To solve the problem, we need to apply the quotient rule to find $h'(x)$, and then evaluate it at $x = 2$.

Given the function: $h(x) = \frac{-6x^2}{4x^2 + 6x - 10}$

Quotient Rule

The quotient rule states that if we have a function $h(x) = \frac{f(x)}{g(x)}$, then the derivative $h'(x)$ is given by: $h'(x) = \frac{f'(x)g(x) - f(x)g'(x)}{(g(x))^2}$ where:

• $f(x) = -6x^2$
• $g(x) = 4x^2 + 6x - 10$

Step 1: Compute the derivatives $f'(x)$ and $g'(x)$

$f'(x) = \frac{d}{dx}(-6x^2) = -12x$ $g'(x) = \frac{d}{dx}(4x^2 + 6x - 10) = 8x + 6$

Step 2: Apply the Quotient Rule

$h'(x) = \frac{(-12x)(4x^2 + 6x - 10) - (-6x^2)(8x + 6)}{(4x^2 + 6x - 10)^2}$ Simplifying the numerator: $= \frac{-48x^3 - 72x^2 + 120x + 48x^3 + 36x^2}{(4x^2 + 6x - 10)^2}$ $= \frac{-36x^2 + 120x}{(4x^2 + 6x - 10)^2}$

Step 3: Evaluate at $x = 2$

Substitute $x = 2$ into the simplified expression: $h'(2) = \frac{-36(2)^2 + 120(2)}{(4(2)^2 + 6(2) - 10)^2}$

Simplify: $h'(2) = \frac{-36(4) + 240}{(16 + 12 - 10)^2}$ $h'(2) = \frac{-144 + 240}{(18)^2}$ $h'(2) = \frac{96}{324}$ $h'(2) = \frac{8}{27}$

So, the exact value of $h'(2)$ is $\frac{8}{27}$.

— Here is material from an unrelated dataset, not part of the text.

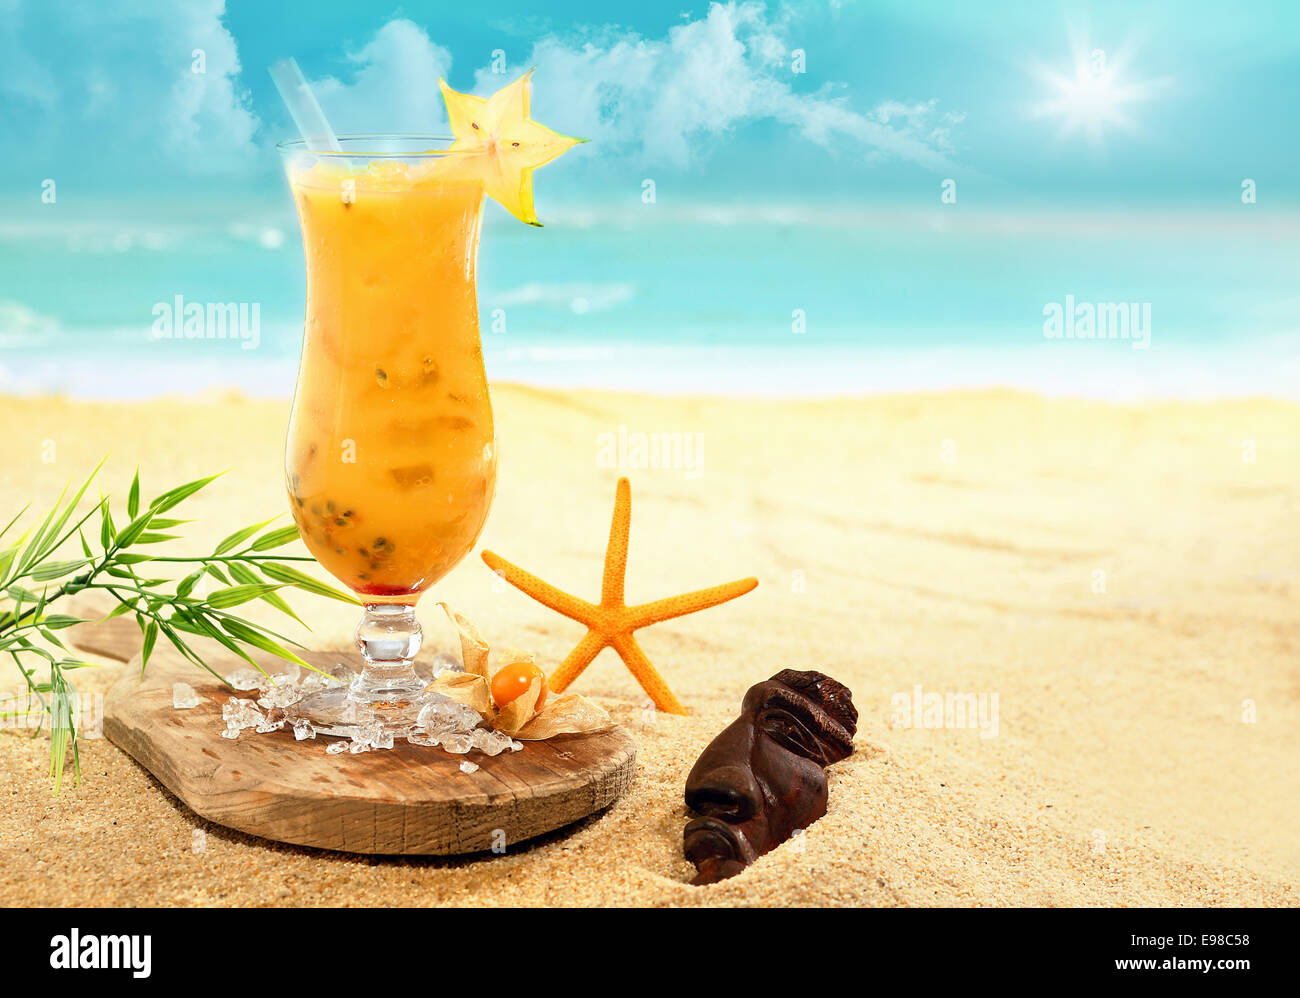 Colourful carambola and orange cocktail ina tall glass served on a wooden board on a golden beach at a tropical holiday resort during an enjoyable summer vacation Stock Photo

Would you like any further details on this problem, or do you have any other questions?

Here are some related questions to expand your understanding:

1. How does the quotient rule differ from the product rule in calculus?
2. What is the significance of the numerator in the quotient rule?
3. Can the quotient rule be applied to functions with trigonometric expressions?
4. How would the quotient rule apply if the denominator $g(x)$ was a linear function?
5. What is the physical interpretation of $h'(x)$ in real-world problems?

Tip: Always simplify the expressions for the derivative as much as possible before substituting the value of $x$ to avoid unnecessary complex calculations.